» What to produce: Please reproduce the data exactly and omit the pictures.
___ Supplied material
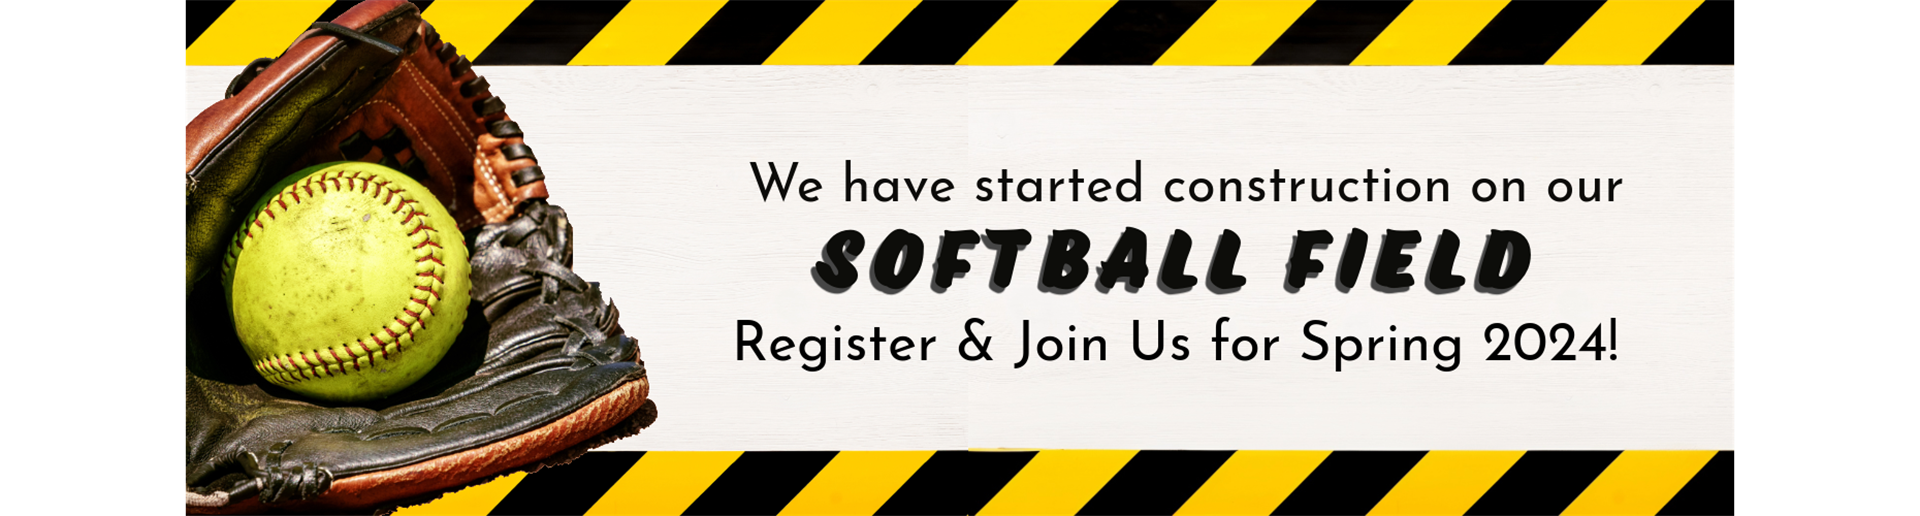 EXPERIENCE SOFTBALL AT TCOLL
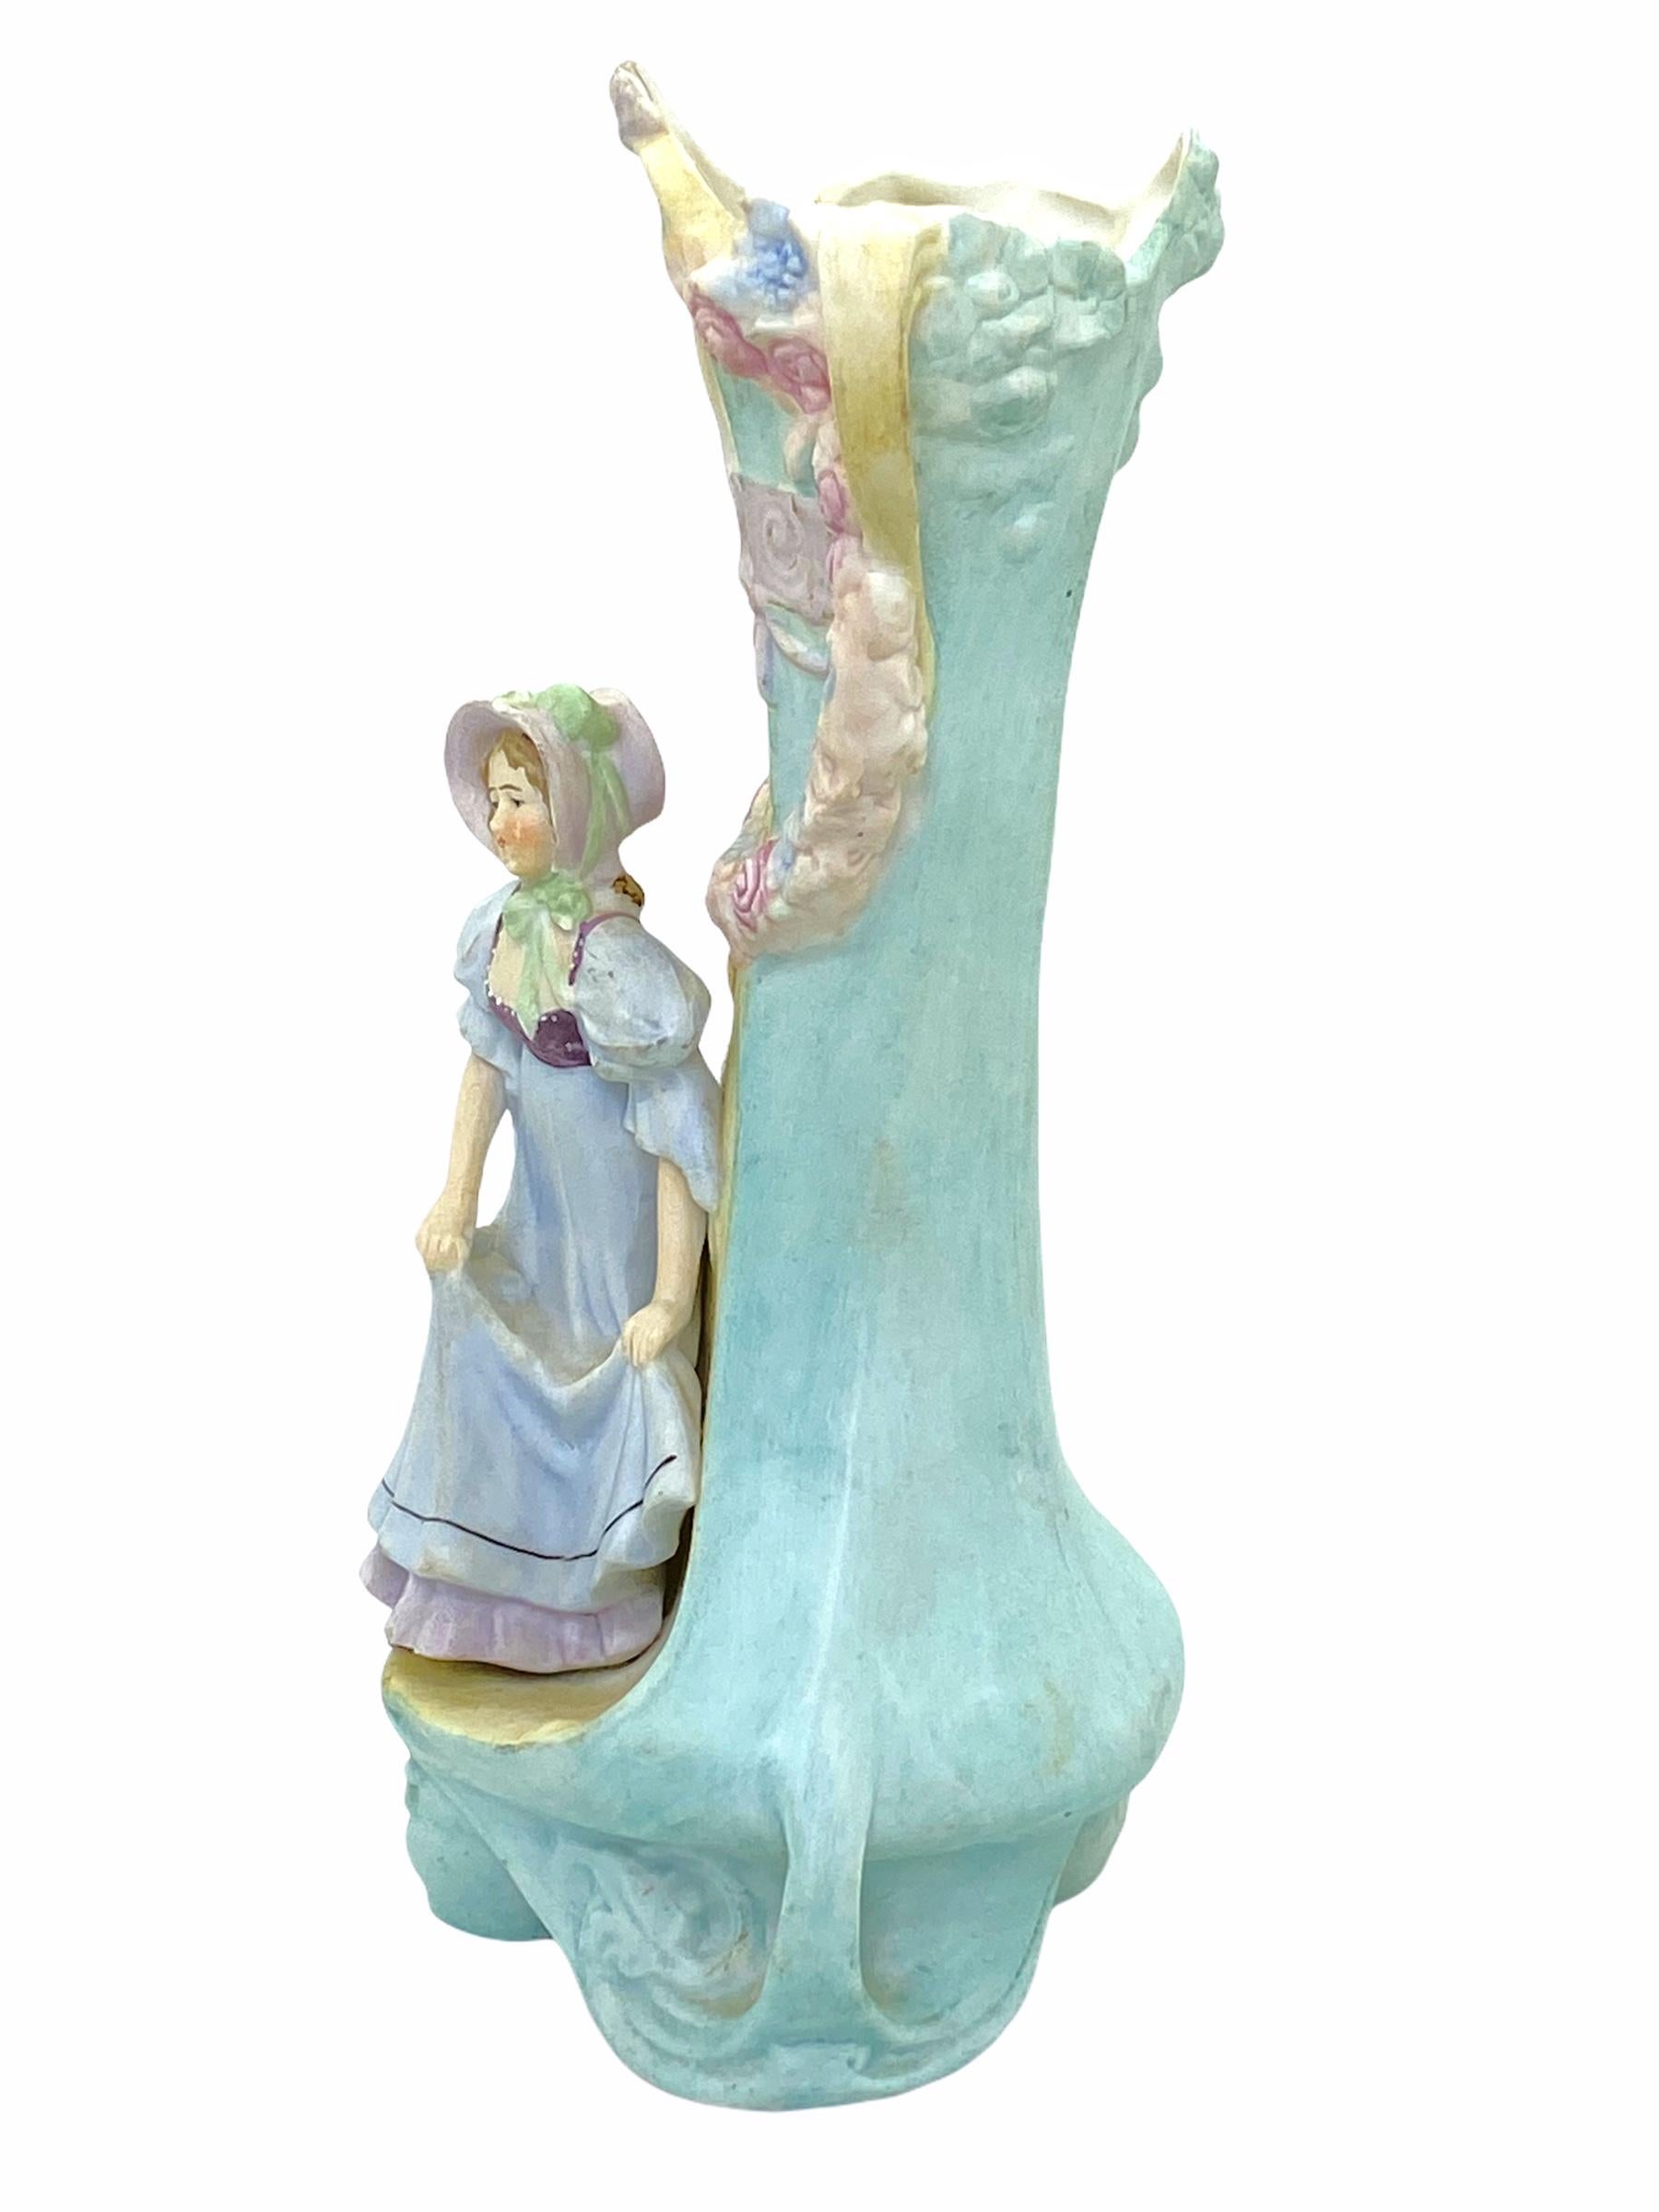 Beautiful flower vase handmade in Germany circa 1900s or older. A beautiful piece for any room. Handmade and hand painted in beautiful colors.
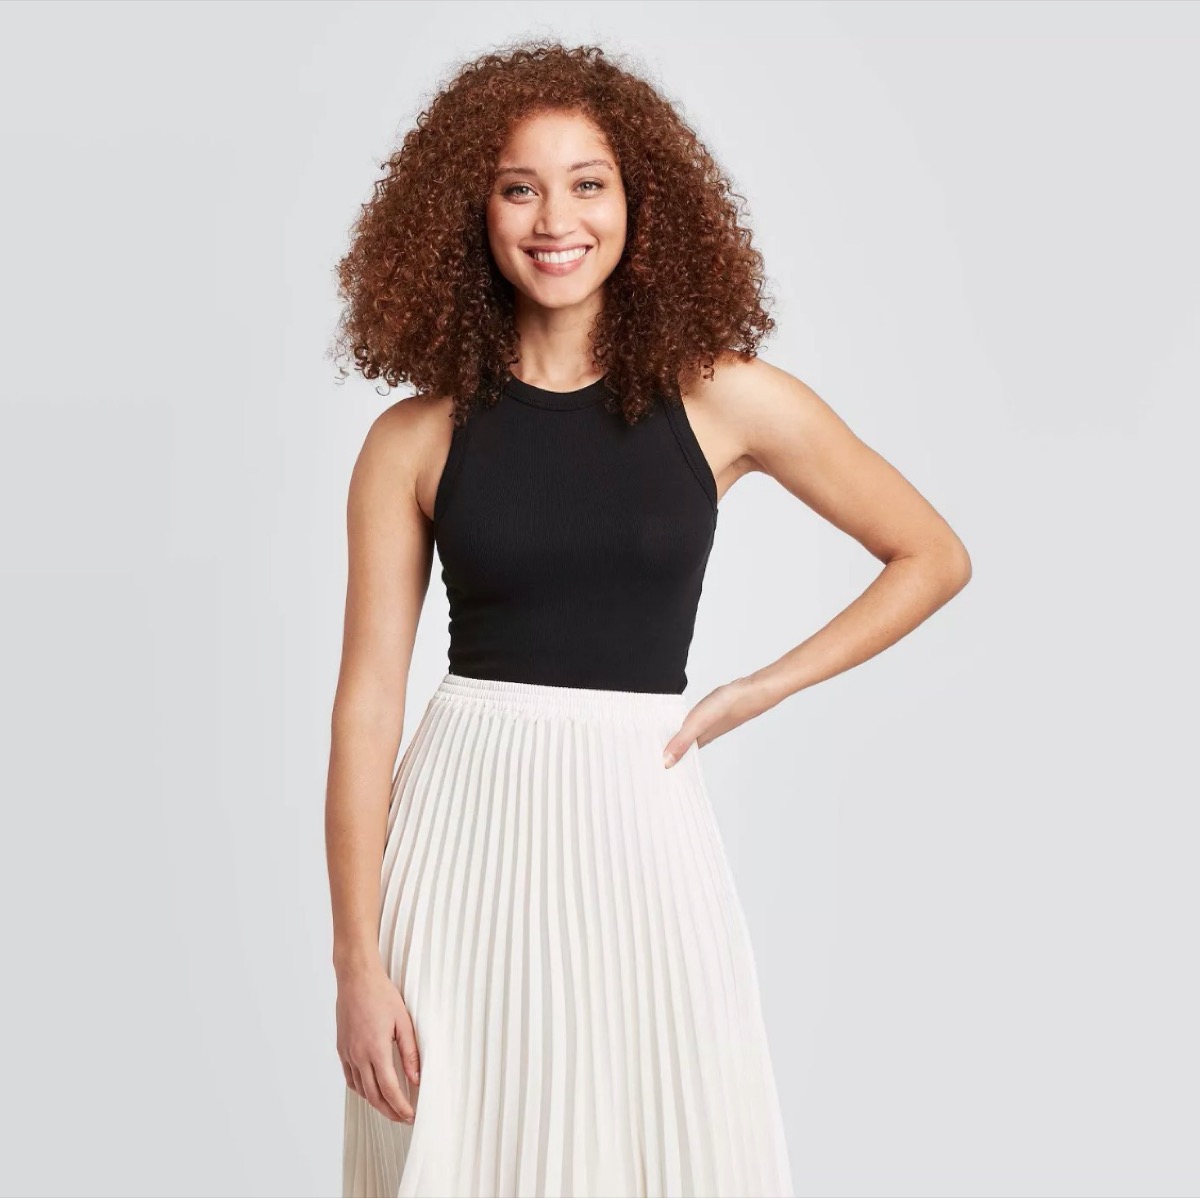 young woman in black tank top and white skirt
______
» Completed exercise:
 EXPERIENCE SOFTBALL AT TCOLL
 Beautiful flower vase handmade in Germany circa 1900s or older. A beautiful piece for any room. Handmade and hand painted in beautiful colors.
 young woman in black tank top and white skirt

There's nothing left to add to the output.